→ **Work instruction**
Each line starting at the one that contains "1 вилд. Клей" and ending at the one that contains "Подъем на колокольню стоит" must be returned exactly, and the rest of the listing is left out.

→ **Data for this task**

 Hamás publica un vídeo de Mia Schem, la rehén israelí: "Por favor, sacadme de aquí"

--

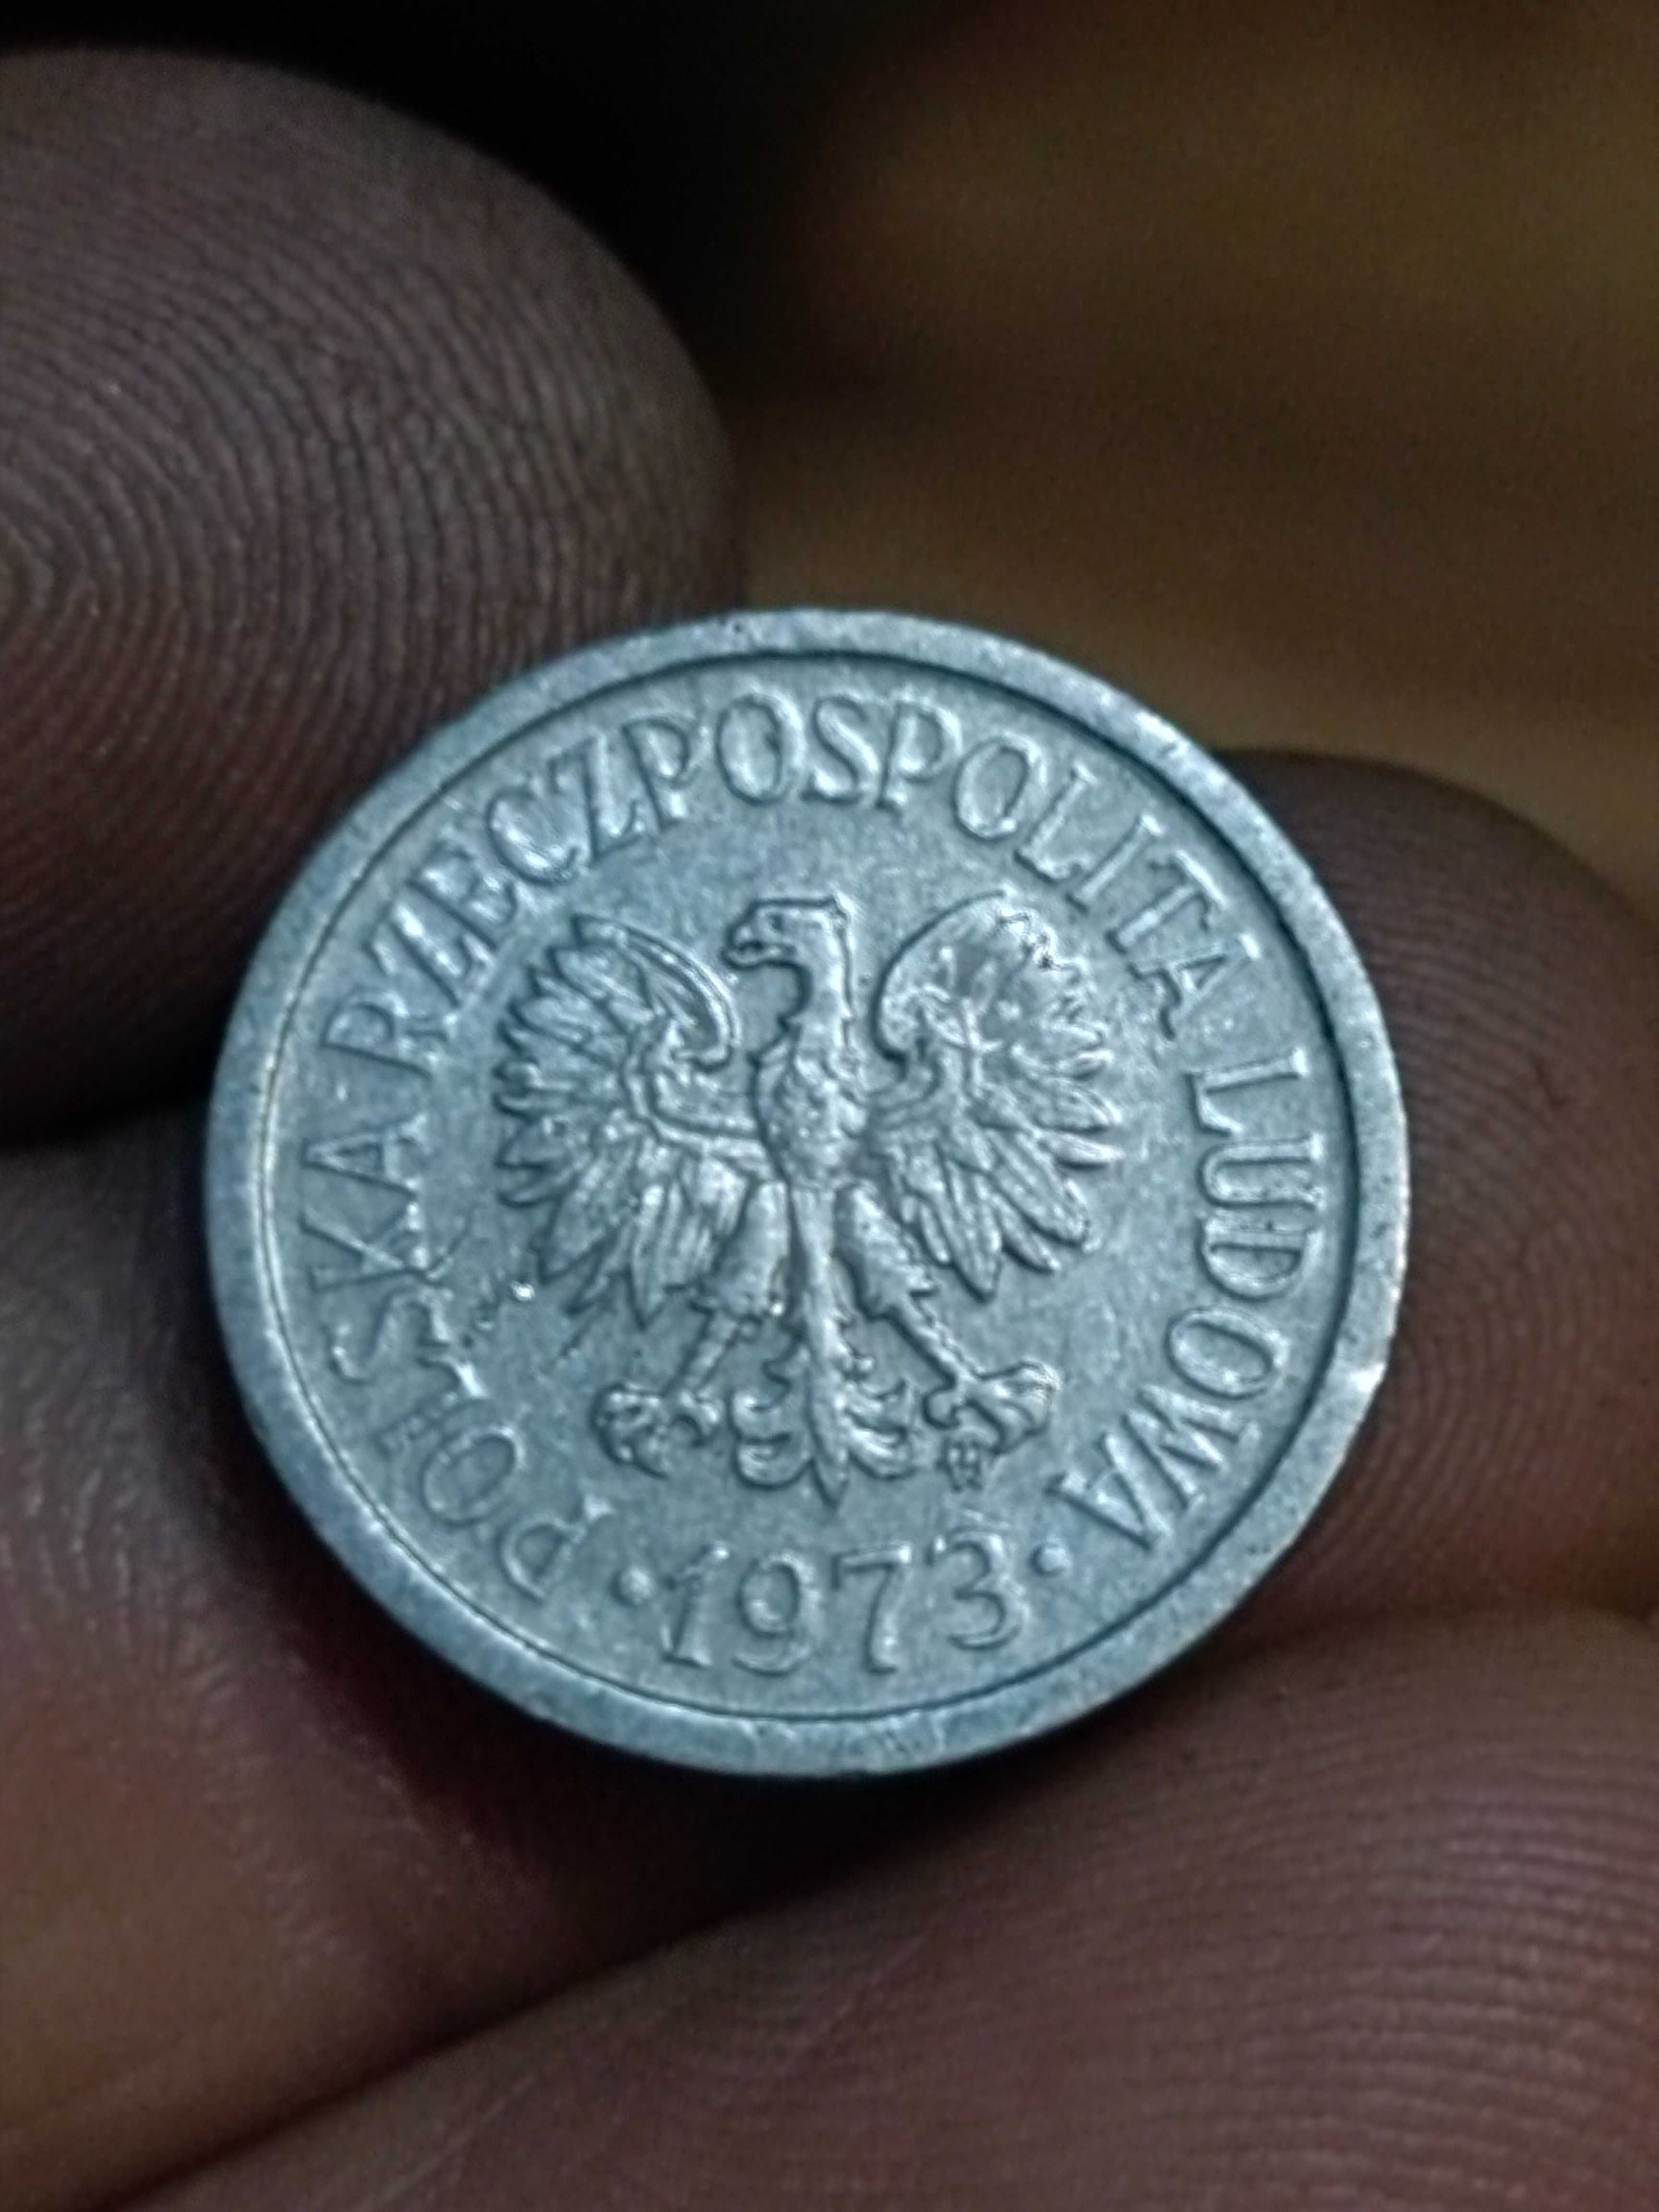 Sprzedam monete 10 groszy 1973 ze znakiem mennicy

==

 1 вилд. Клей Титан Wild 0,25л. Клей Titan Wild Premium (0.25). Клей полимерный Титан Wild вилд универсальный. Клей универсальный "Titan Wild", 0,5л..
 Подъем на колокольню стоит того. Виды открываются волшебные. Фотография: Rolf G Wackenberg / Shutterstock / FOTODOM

→ **Written answer**
 1 вилд. Клей Титан Wild 0,25л. Клей Titan Wild Premium (0.25). Клей полимерный Титан Wild вилд универсальный. Клей универсальный "Titan Wild", 0,5л..
 Подъем на колокольню стоит того. Виды открываются волшебные. Фотография: Rolf G Wackenberg / Shutterstock / FOTODOM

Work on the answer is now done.